While I can initialize an A like A{.a=1}, I cannot designated-initialize B. An attempt like B{{1}, .b=2} runs afoul of the rule that the initializers must either be all designated or none designated. But there is currently no way to designate the base class here.

Which means that my only options for initializing a B are to fall-back to regular aggregate initialization and write either B{{1}, 2} or B{1, 2}. Neither are especially satisfactory.

The goal of this paper is to extend designated initialization to include base classes.

2 Proposal

The tricky part here is: how do we name the A base class of B in the designated-initializer-list? While non-static data members have identifiers, base classes can be much more complicated. They can be qualified names, they can have template arguments, etc. We also do not actually have a way to name the A base class subobject of a B today — the only way to get there is via a cast. This means there’s no corresponding consistent syntax to choose along with the . that we already have.

Daveed Vandevoorde makes the suggestion that we can use : to introduce a class-or-decltype that names a base class (that is the grammar term we use when introducing a base class). This would allow the following initialization syntax:

B{:A={.a=1}, .b=2}

Using a : mimics the way we introduce base classes in class directions and is otherwise unambiguous with the rest of the designated-initializer syntax. It can also prepare the parser for the fact that a more complicated name might be coming.

This paper does not change any of the other existing designated-initialization rules: the initializers must still be all designated or none designated, and the designators must be in order. I’m simply extending the order being matched against with all the base classes. That is, while B{:A={.a=1}, .b=2} would be a valid way to initialize a B, B{.b=2, :A={.a=1}} is ill-formed (out of order), as is B{{.a=1}, .b=2} (some designated but not all).

This generalizes to more complex aggregates like:

template <typename T> struct C { T val; };
struct D : C<int>, C<char> { };

D{:C<int>={.val=1}, :C<char>={.val='x'}};

Which provides protection against D{'x', 1} which compiles fine today but probably isn’t what was desired.

2.1 Lookup of base classes

One other thing we need to consider is how we look up base classes exactly. With regular designated initializers, they’re just the names of direct members and there’s only one way to name them. Not much to talk about. But with base classes, we have an injected-class-name too, so we have to ask the question:

template <typename T> struct C { T val; };
struct D : C<int> { };

D{:C<int>{.val=0}}; // proposed okay, C<int> is a base class
D{:C{.val=1}};      // how about this?

From within the scope of D, we can use C to identify the base class C<int>. Likewise D::C names that type. Can we do this externally? Designated initializers already sort of look like they’re from within the class. This seems like it should probably apply to base classes as well.
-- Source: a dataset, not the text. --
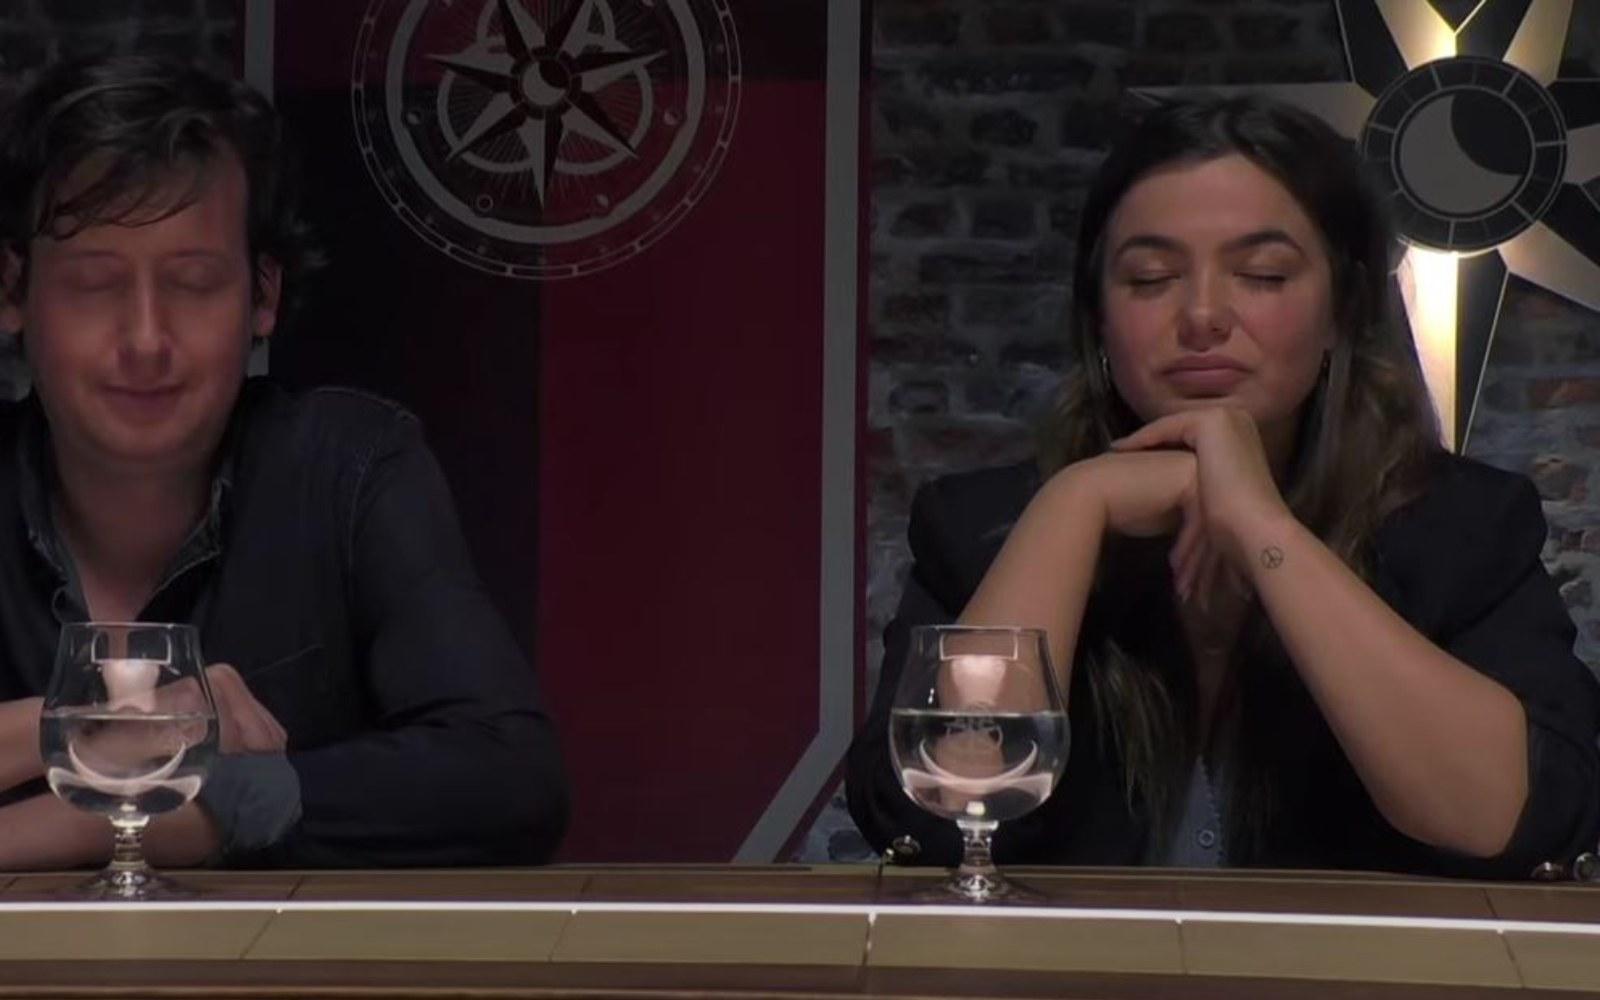 Abbey Hoes De Verraders deelnemers RTL 4 ogen dicht

But in order for :C to find D::C<int>::C there, we’d have to say that lookup is in the context of the body of D. But then what if we have:

namespace N { template <typename T> struct C { }; }
struct D : N::C<int> { };
using C = N::C<double>;


Does :C refer to the injected-class-name of the C<int> base class of D (and thus be well-formed), or does :C refer to the alias C (and thus be ill-formed, since N::C<double> is not a base class of D)? Arguably, we are initializing a D so looking up from the context of D is a sensible rule (and is consistent with the rules we have for x.operator T() looking up T in the context of x 6.5.3 [basic.lookup.unqual]/5).

We just need to make sure that we don’t do that kind of lookup for a decltype-specifier as a base class, since that probably makes very little sense to consider from the class’ context.

3 Wording

Change the grammar of a designator in 9.4.1 [dcl.init.general]/1. Technically this allows a designated-initializer-list like {.a=1, :A={}} which we could forbid grammatically, but that seems more complicated than simply extending the ordering rule to forbid it (which has to be done anyway).

      . identifier
+     : class-or-decltype

Extend 9.4.1 [dcl.init.general]/18:

18 The same identifier shall not appear in multiple designators of a designated-initializer-list. The same class-or-decltype shall not appear in multiple designators of a designated-initializer-list.
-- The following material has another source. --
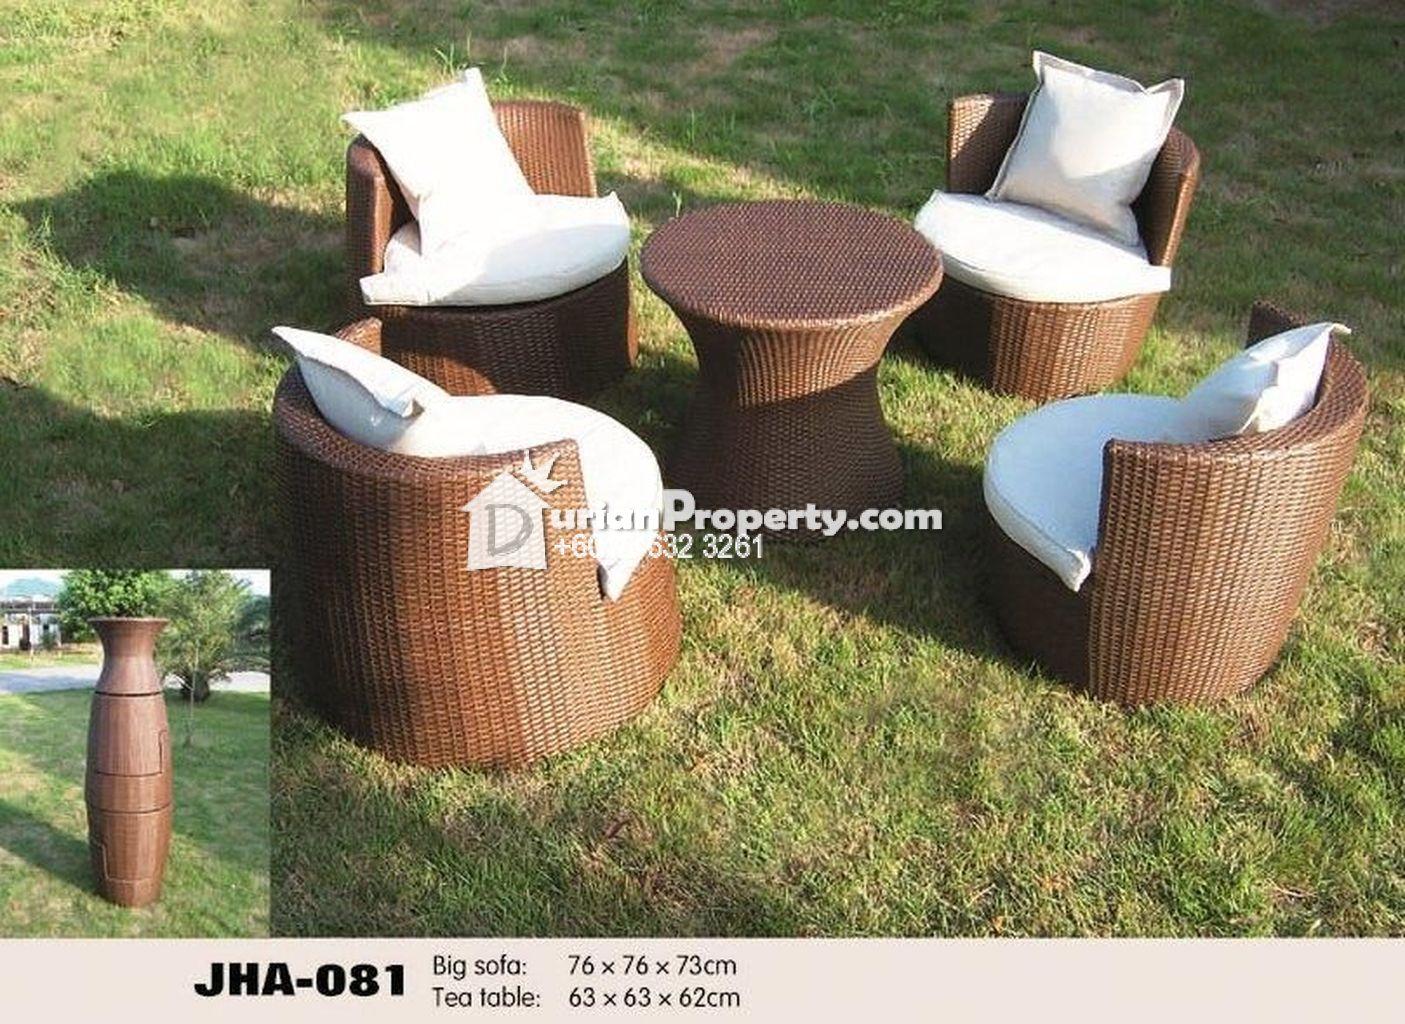 wicker patio sofa sets For Sale

Extend 9.4.2 [dcl.init.aggr]/3.1:

(3.1) If the initializer list is a designated-initializer-list, the aggregate shall be of class type, the identifier in each designator shall name a direct non-static data member of the class, the class-or-decltype in each designator shall name a direct base class of the class, and the explicitly initialized elements of the aggregate are the elements that are, or contain, those members.

Extend 9.4.5 [dcl.init.list]/3.1:

(3.1) If the braced-init-list contains a designated-initializer-list, T shall be an aggregate class. The ordered class-or-decltypes and identifiers in the designators of the designated-initializer-list shall form a subsequence of the ordered direct base classes of T and identifiers in the direct non-static data members of T. Aggregate initialization is performed ([dcl.init.aggr]). [Example 2:

  struct A { int x; int y; int z; };
  A a{.y = 2, .x = 1};                // error: designator order does not match declaration order
  A b{.x = 1, .z = 2};                // OK, b.y initialized to 0
+ struct B : A { int q; };
+ B c{.q = 3, :A{}};                  // error: designator order does not match declaration order
+ B d{:A{}, .q = 3};                  // OK, d.x, d.y, and d.z all initialized to 0

end example]

4 References

[P0017R1] Oleg Smolsky. 2015-10-24. Extension to aggregate initialization.

[P0329R4] Tim Shen, Richard Smith. 2017-07-12. Designated Initialization Wording.